Using only the entries below, output the lines starting at the one containing "Learn how to" and ending at the one containing "A man holding", exactly and inclusive of both, omitting the pictures.

----- SUPPLIED DATA -----

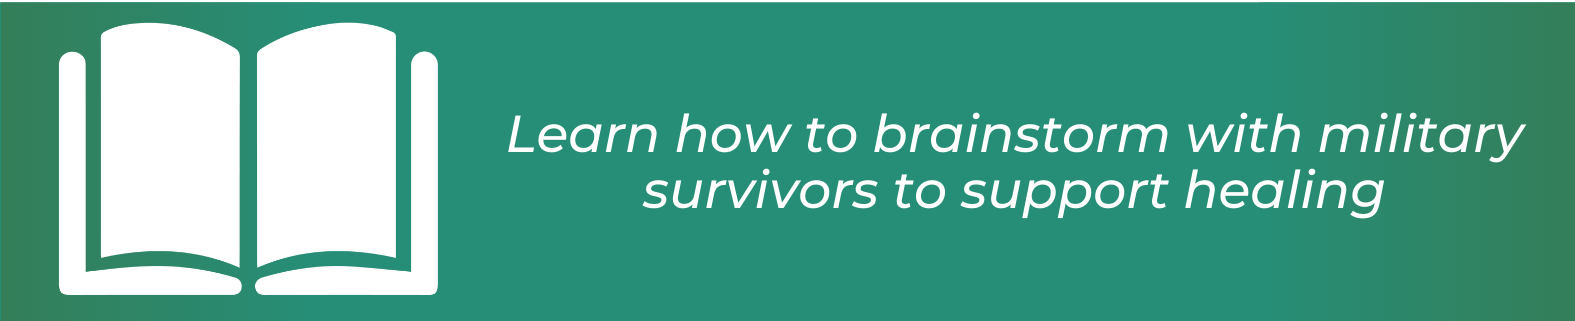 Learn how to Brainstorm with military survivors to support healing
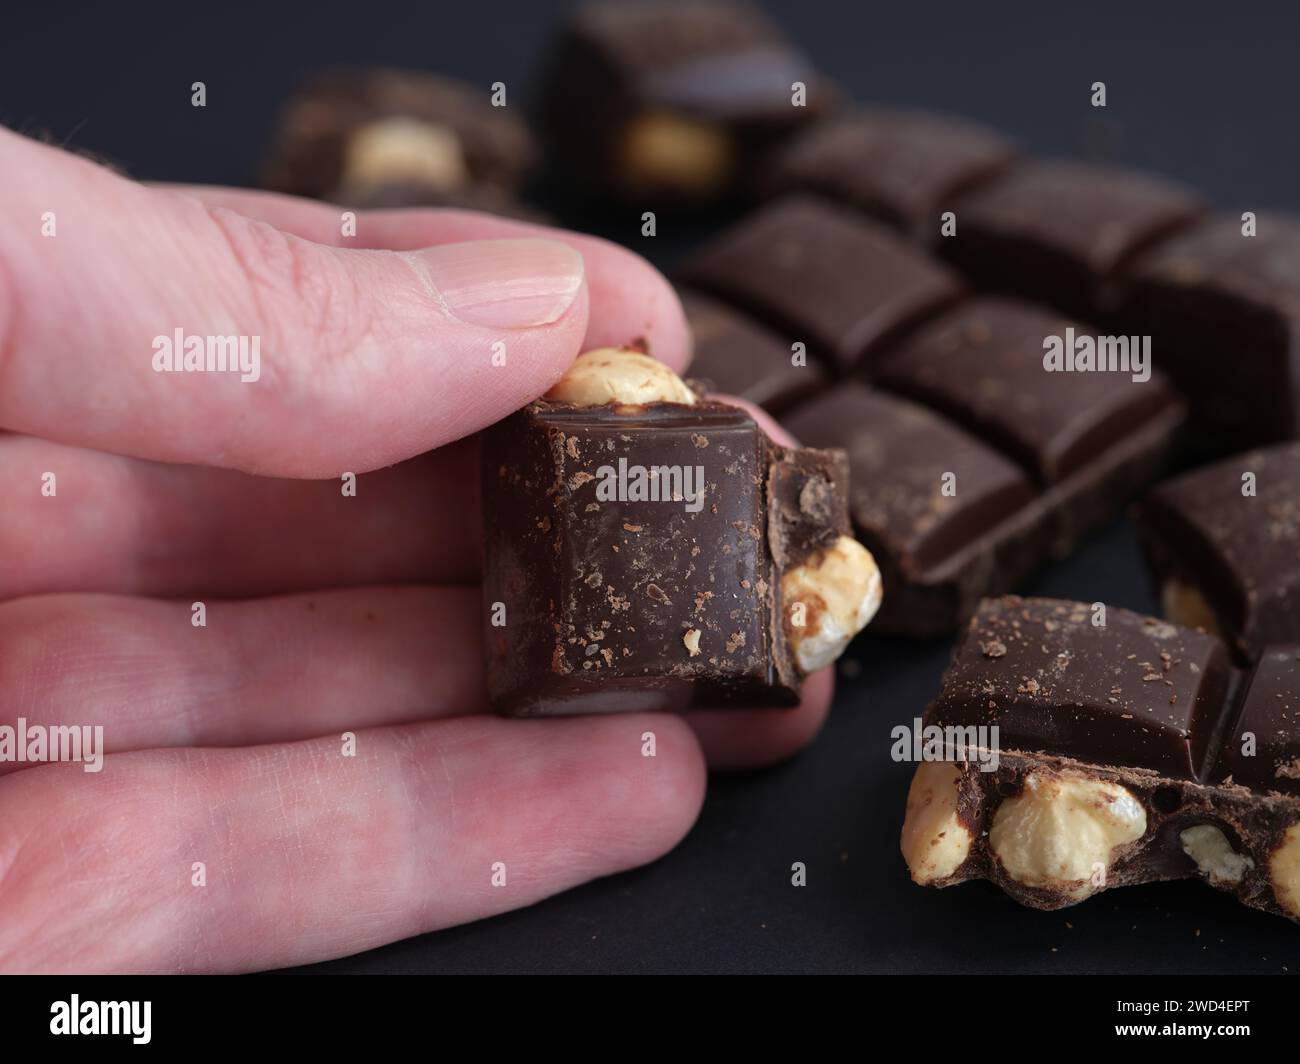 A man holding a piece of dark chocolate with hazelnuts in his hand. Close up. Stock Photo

-----
----- SUPPLIED DATA -----

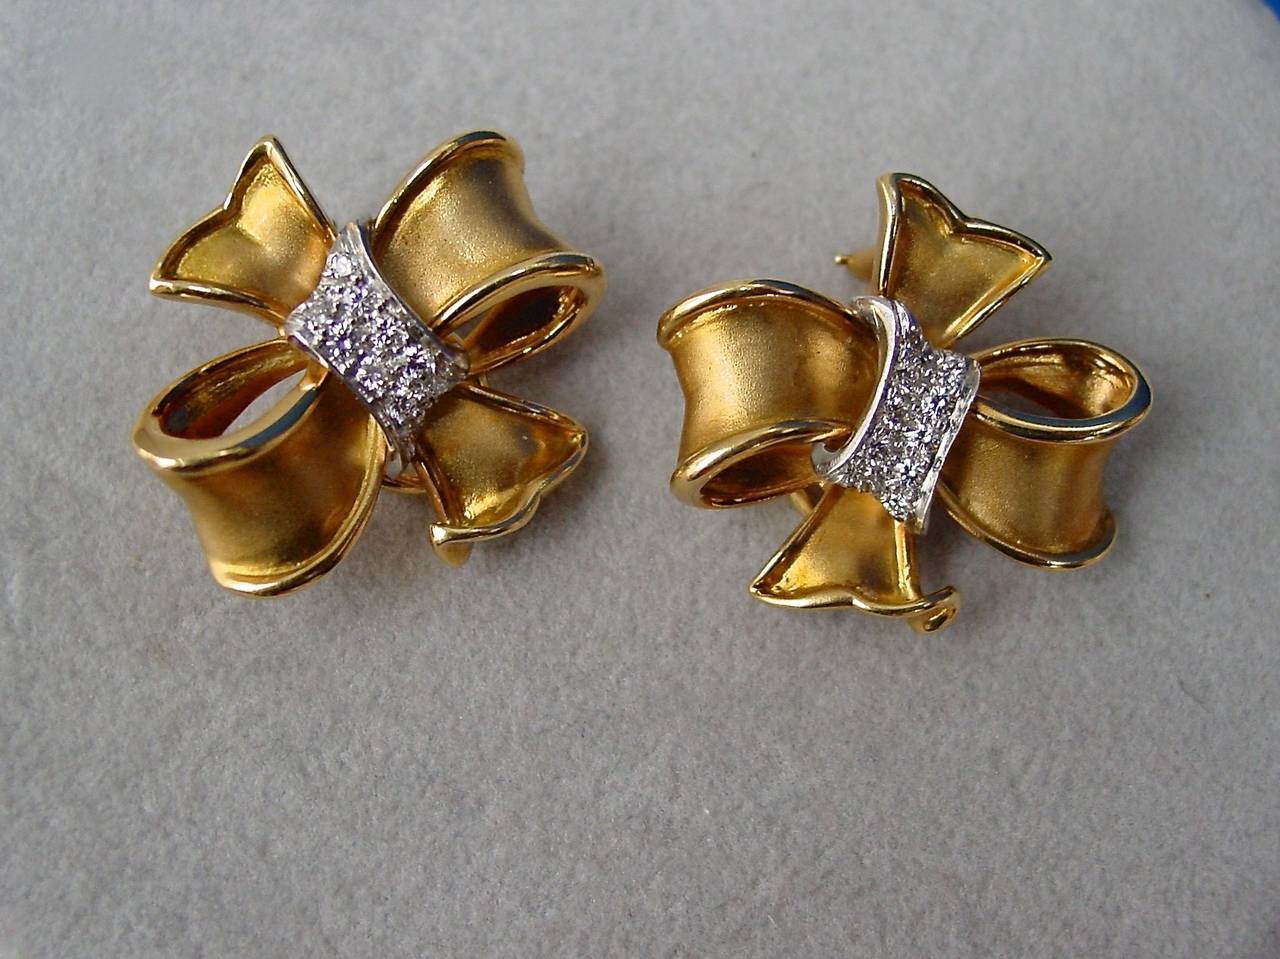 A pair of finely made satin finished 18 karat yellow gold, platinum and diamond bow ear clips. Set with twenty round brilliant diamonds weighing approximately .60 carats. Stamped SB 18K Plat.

-----

**TASK RESPONSE**
 Learn how to Brainstorm with military survivors to support healing
 A man holding a piece of dark chocolate with hazelnuts in his hand. Close up. Stock Photo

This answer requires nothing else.